Anti-Atherogenic Effects of apoA-I Mimetic Peptides The interest in mimetic peptides was greatly stimulated by the observation that 4F, in contrast to 2F, significantly reduces atherosclerosis in animal models, including apoE- and LDL receptor (LDLR)- deficient mice. 4F is especially effective in modulating early lesion development but is far less effective on more mature lesions. However, it's been suggested that 4F may synergize with statins in modulating the more advanced lesions. The peptide synthesized with natural L-amino acids (L-4F) was effective when administered intraperitoneally, subcutaneously, or intravenously. However, L-4F wasn't stable when administered orally, presumably thanks to its susceptibility to proteolysis within the intestinal lumen. This problem was circumvented by fabrication of the peptide with D amino acids. Many of the in vitro physical and biological properties of D-4F and L-4F are similar. In contrast to L-4F, D-4F was antiatherogenic upon oral administration. additionally , it has been reported that L-4F are often stabilized against proteolysis when fed in conjunction with niclosamide. Several other members of the 2F-related peptides have also been shown to attenuate atherosclerosis in animal models. None of those peptides reduce plasma lipid levels, indicating that other mechanisms account for his or her anti-atherogenicity.

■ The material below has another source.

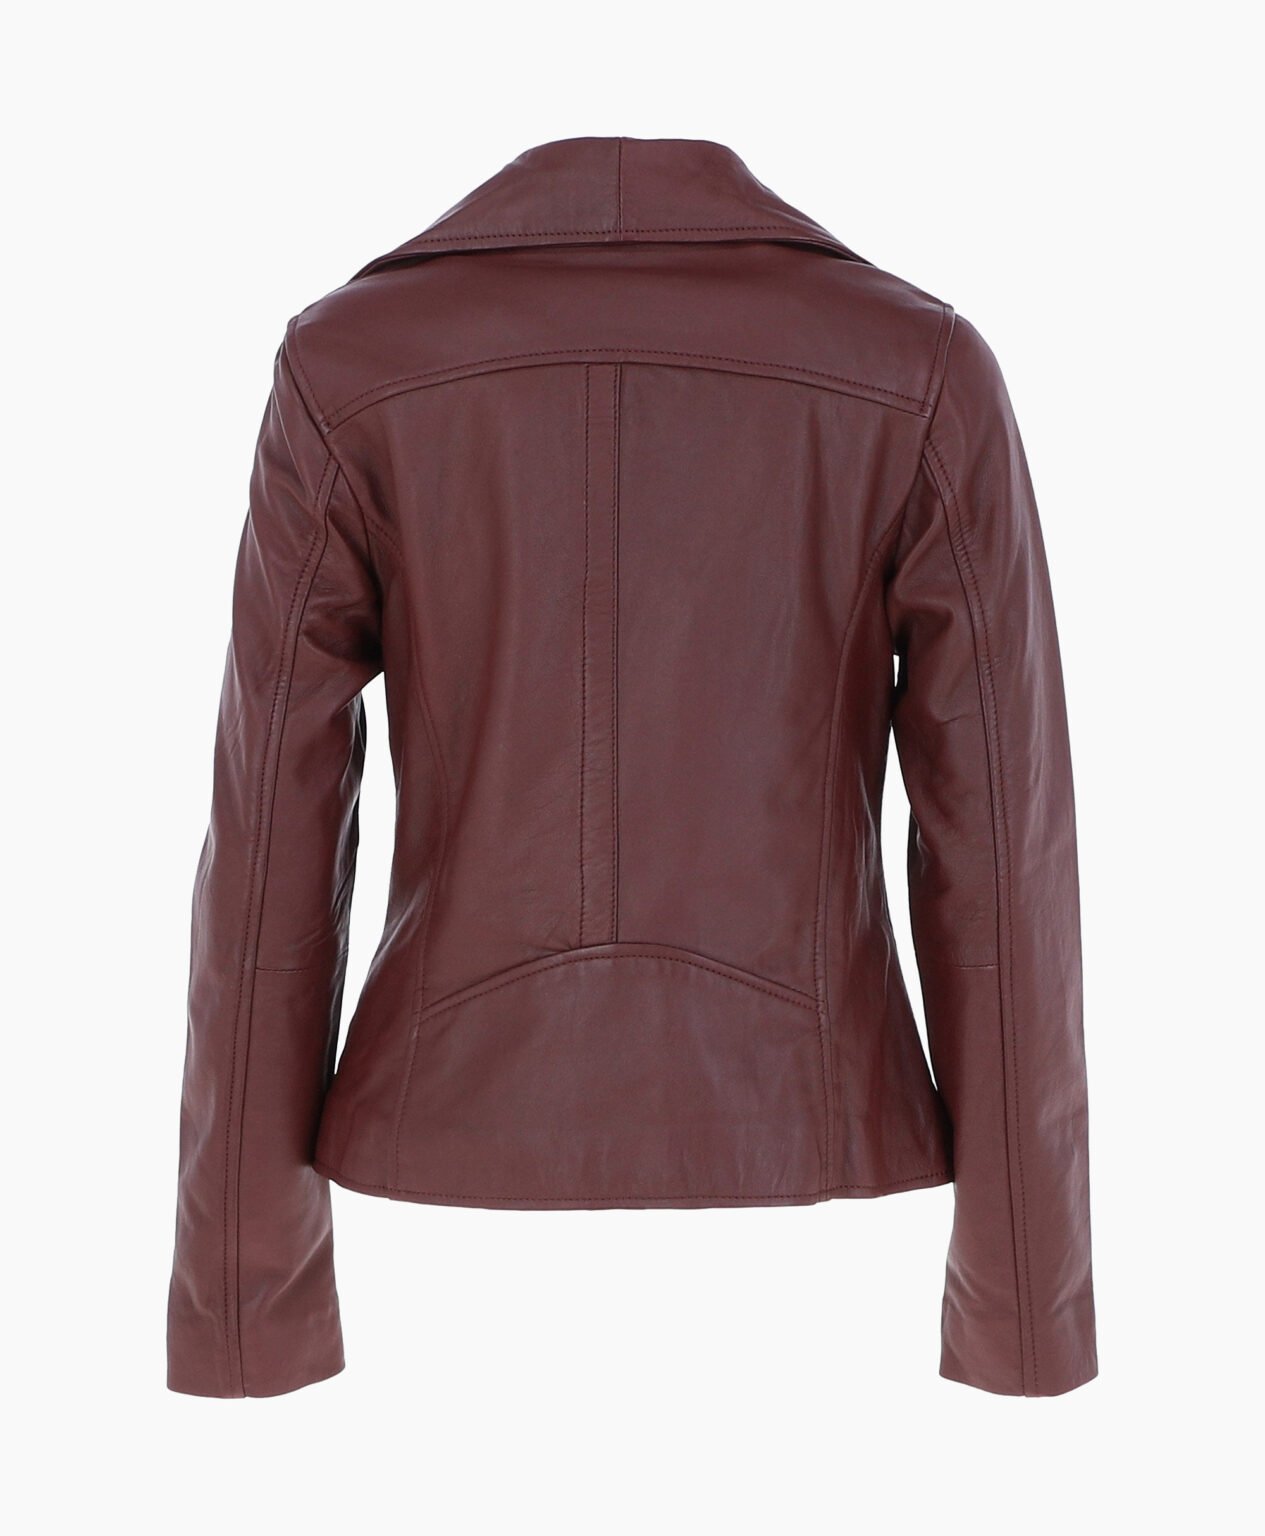 vogue-jacket-leather-jacket-fashion-collar-oxblood-shelby-image202
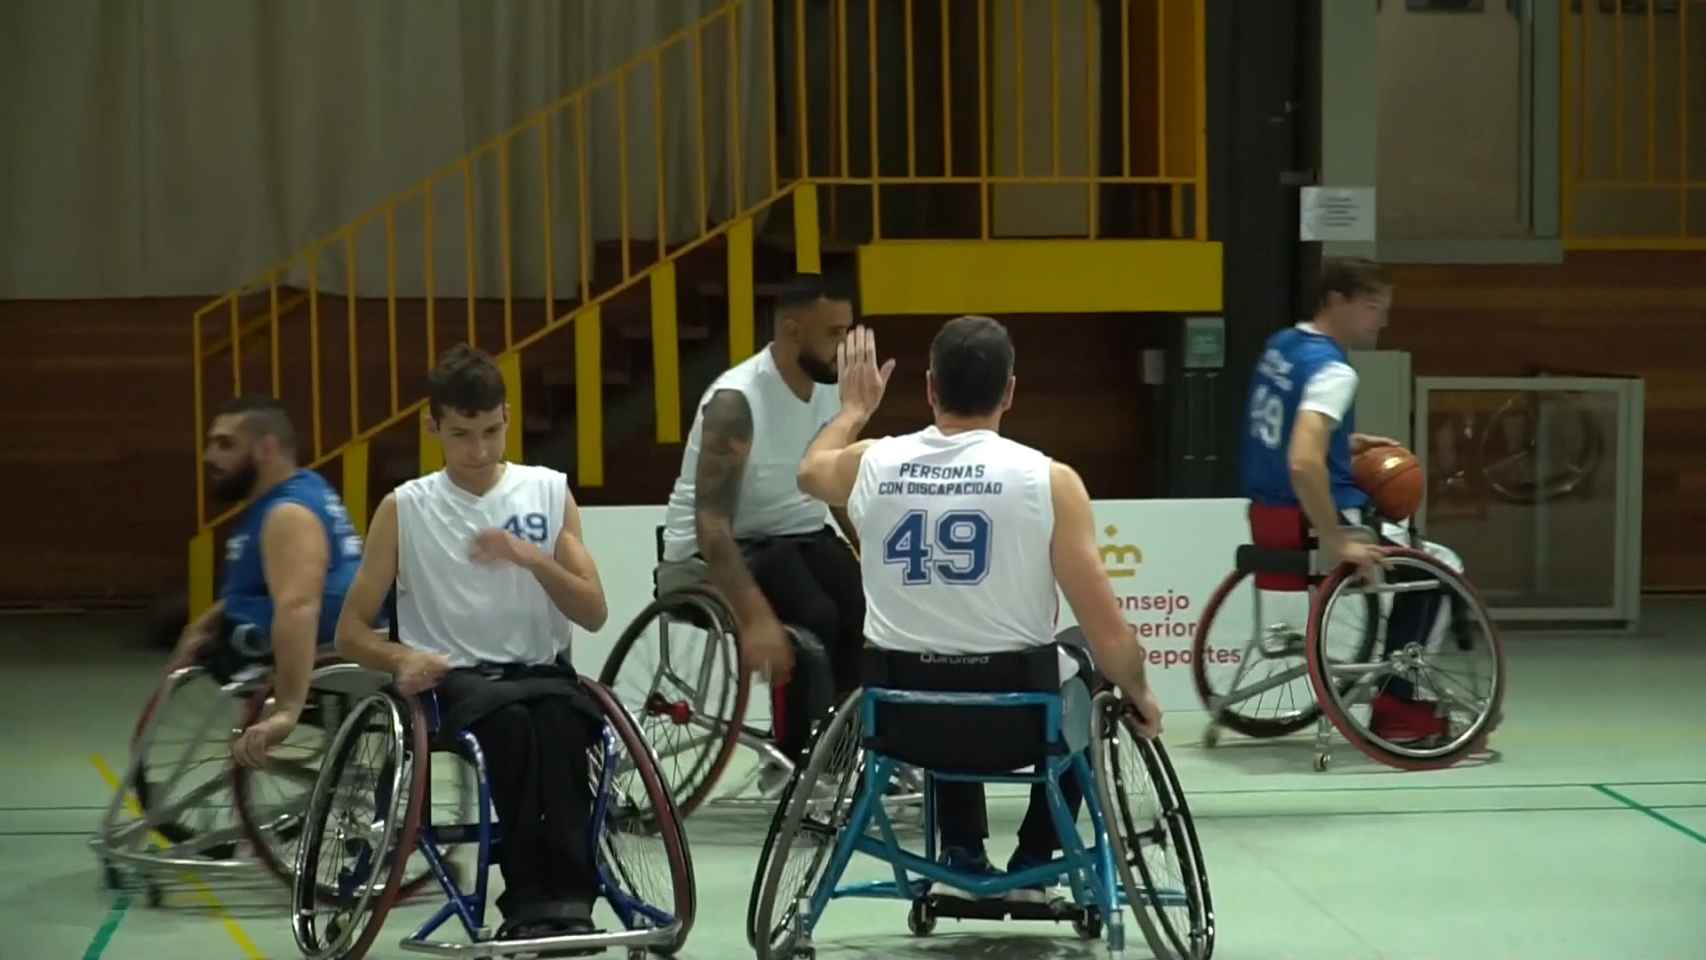 Sánchez, un jugador más en un partido de baloncesto en silla de ruedas

As the notable biological effect of the mimetic peptides, especially 4F, is to significantly reduce atherosclerosis, it's not surprising that focus should pass to the cellular mechanisms which will help to account for this anti-atherogenic effect. Currently we don't fully understand the mechanism(s) by which the peptides reduce atherosclerosis. Among the properties of HDL/apoA-I that are extensively explored with reference to the function of the mimetic peptides are the power to market cholesterol efflux (the initiative within the process of reverse cholesterol transport) and therefore the attenuation of inflammation and oxidation. within the remainder of this chapter we review a number of the studies that are performed in vitro and in vivo to assess the potential antiatherogenic actions of the peptides.